*Information shown*
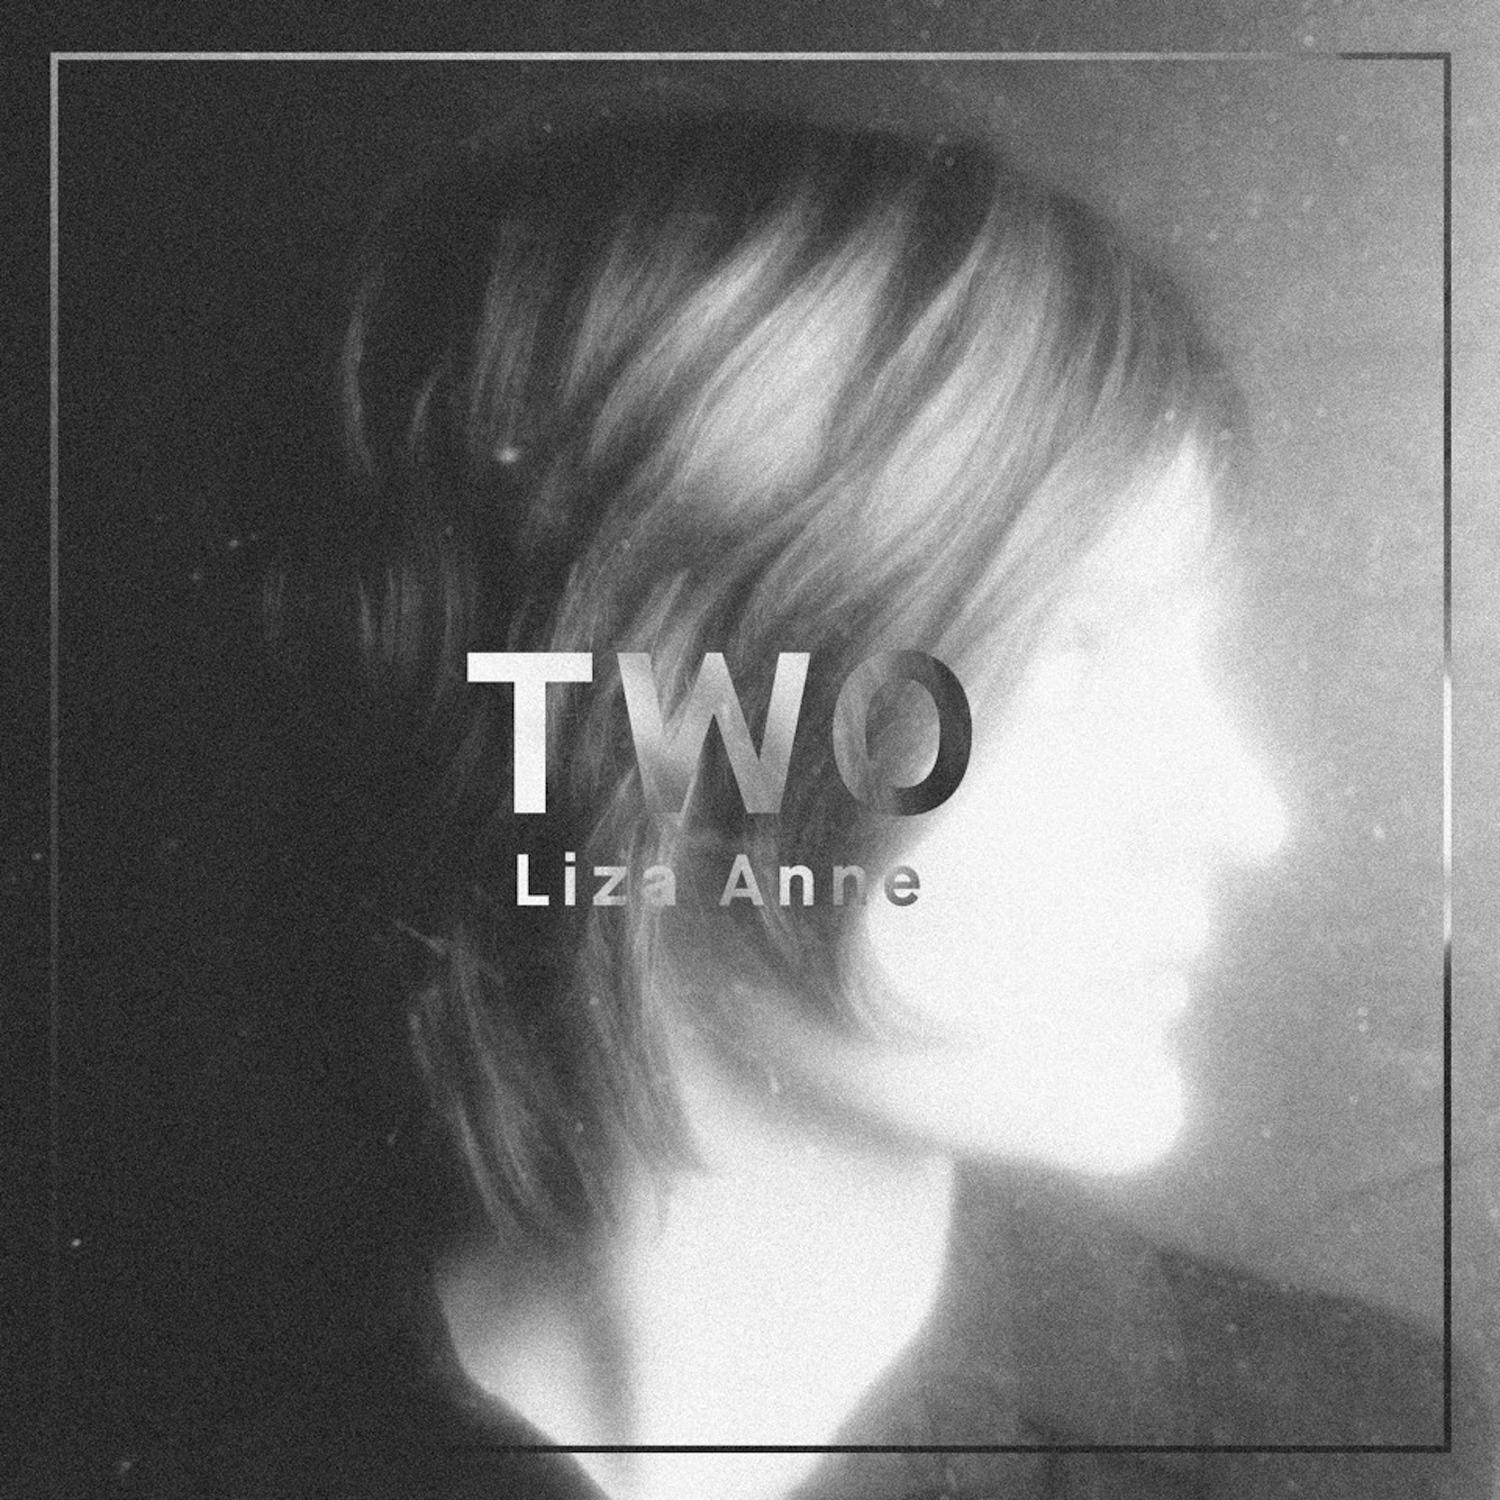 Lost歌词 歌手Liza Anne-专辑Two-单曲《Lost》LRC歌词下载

==

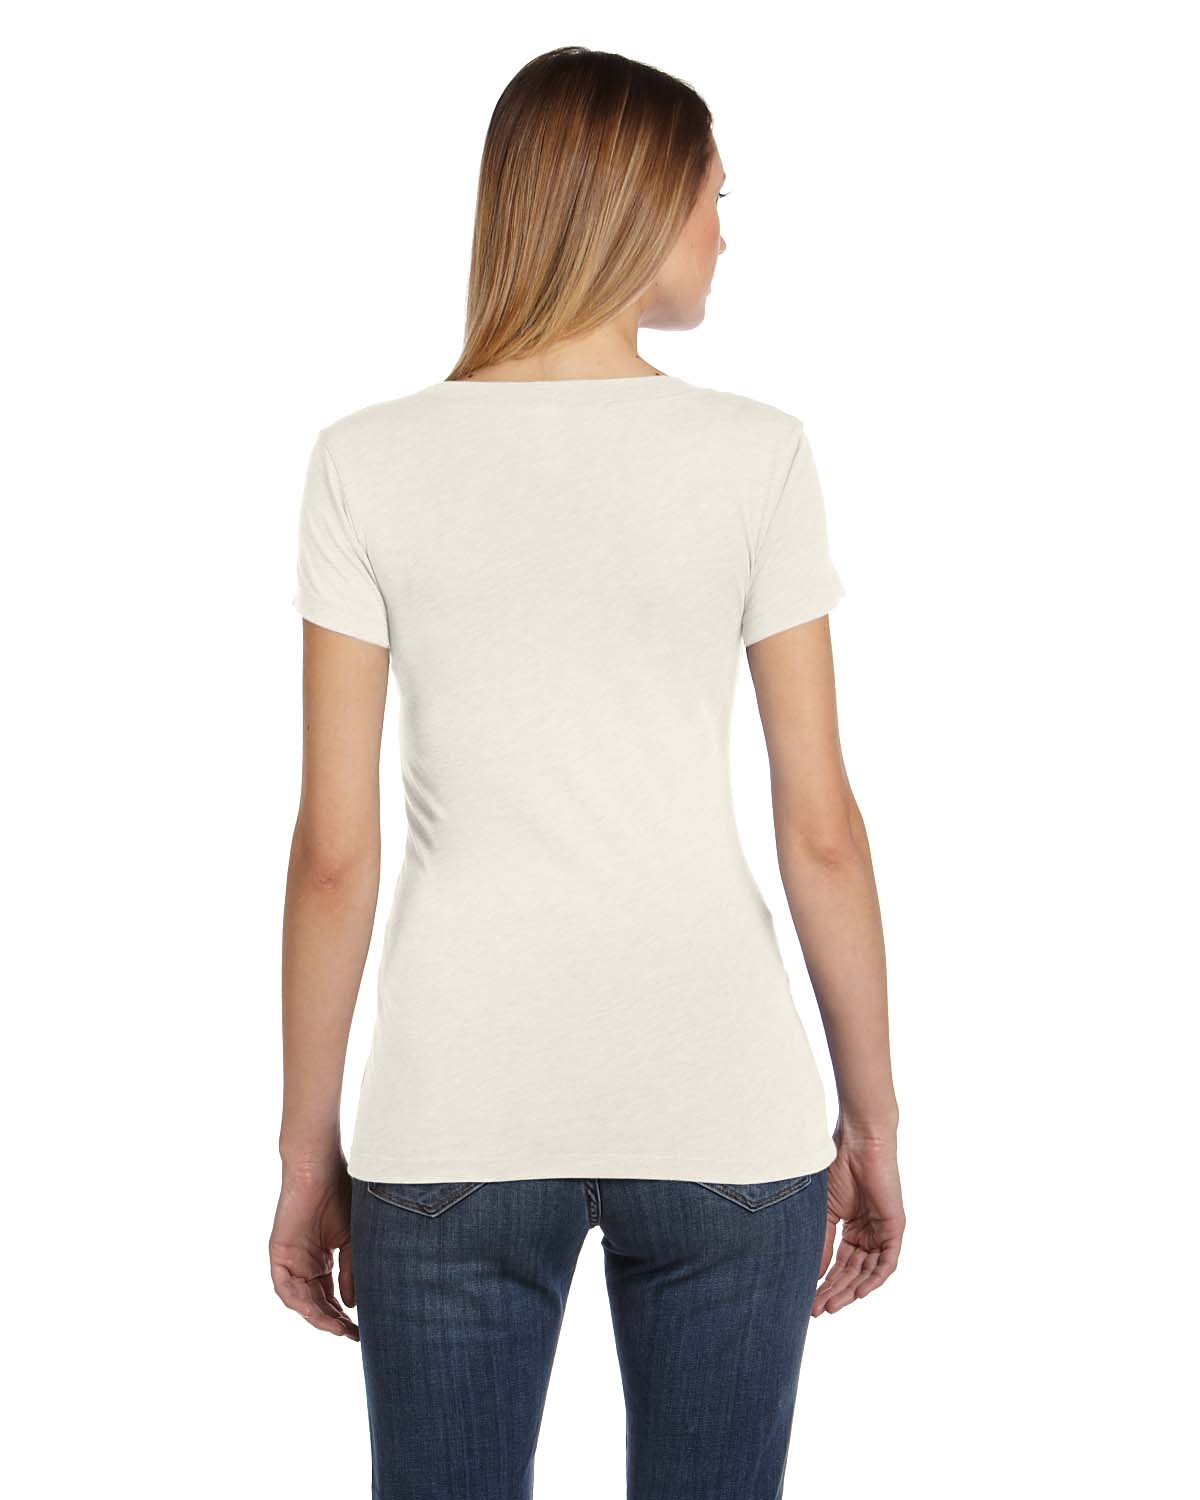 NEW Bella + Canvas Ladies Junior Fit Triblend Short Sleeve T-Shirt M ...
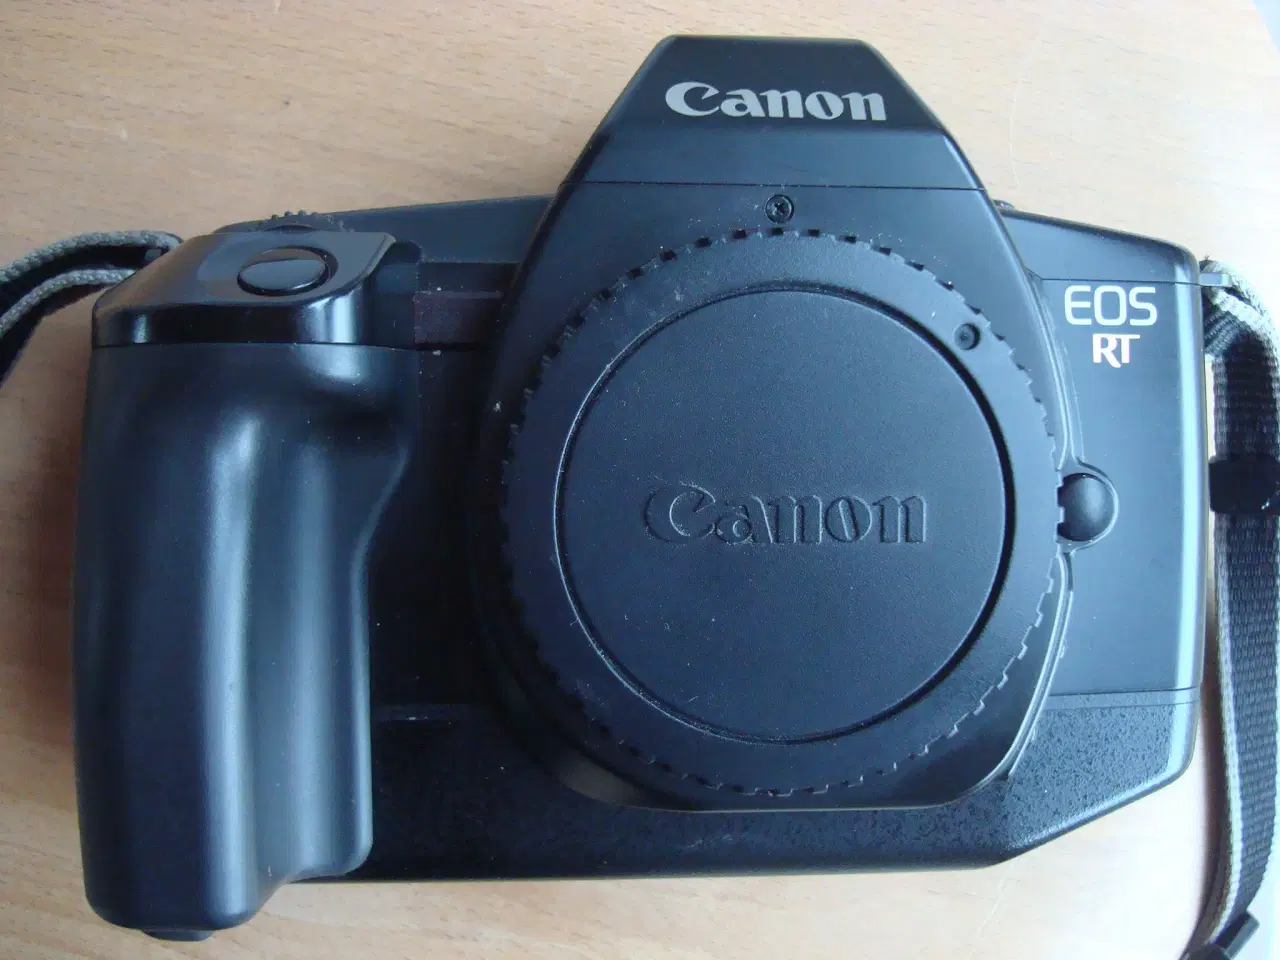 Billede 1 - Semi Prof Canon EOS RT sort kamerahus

*What needs to be done*
Leaving pictures out, output the lines of the data above from the one with "NEW Bella +" through the one with "Billede 1 - Semi", word for word.

*Response area*
 NEW Bella + Canvas Ladies Junior Fit Triblend Short Sleeve T-Shirt M ...
 Billede 1 - Semi Prof Canon EOS RT sort kamerahus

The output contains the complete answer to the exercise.